Ulenspiegel lui dit :

– Tu geins, lâche cœur regrettant la femme qui te fit porter la couronne cornue du cocuage.

– Mon fils, dit Lamme, elle me fut toujours fidèle, m’aimant assez comme je l’aimais trop, moi, mon doux Jésus. Un jour, étant allée à Bruges, elle en revint changée. Dès lors, quand je la priais d’amour, elle me disait :

– Il me faut vivre avec toi comme amie, non autrement.

Alors, triste en mon cœur :

– Mignonne aimée, disais-je, nous fûmes mariés devant Dieu. Ne fis-je point pour toi tout ce que tu voulais ? Ne m’accoutrai-je point maintes fois d’un pourpoint de toile noire et d’un manteau de futaine afin de te voir, malgré les royales ordonnances, vêtue de soie et de brocart ? Mignonne, ne m’aimerais-tu plus ?

– Je t’aime, disait-elle, selon Dieu et ses lois, selon les saintes discipline et pénitence. Toutefois, je te serai vertueuse compagne.
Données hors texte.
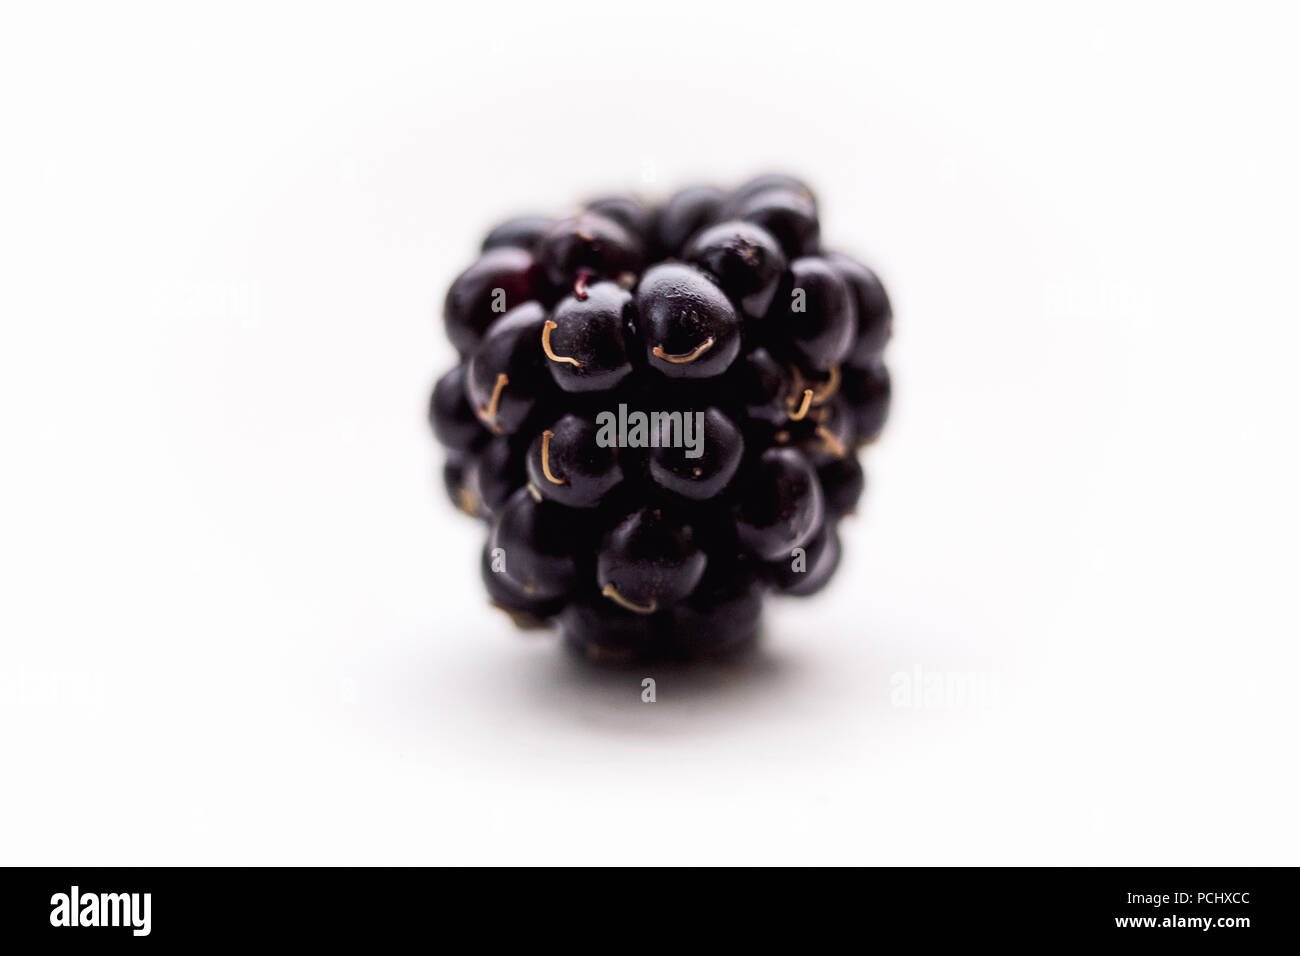 One blackberry close up on a white background Stock Photo

– Il ne me chault de ta vertu, répondais-je ; c’est toi que je veux, toi ma femme.

Hochant la tête :

– Je te sais bon, disait-elle ; tu fus jusqu’aujourd’hui cuisinier au logis pour m’épargner les labeurs de fricassées ; tu repassas nos draps, fraises et chemises, les fers étant trop lourds pour moi ; tu lavas notre linge, balayas la maison et la rue devant la porte, afin de m’épargner toute fatigue. Je veux maintenant besogner à ta place, mais rien de plus, mon homme.

– Ce m’est tout un, répondais-je ; je serai, comme par le passé, ta dame d’atours, ta repasseuse, ta cuisinière, ta lavandière, ton esclave à toi, soumis ; mais, femme, ne sépare point ces deux cœurs et corps qui ne firent qu’un ; ne romps point ce doux lien d’amour qui nous serrait si tendrement.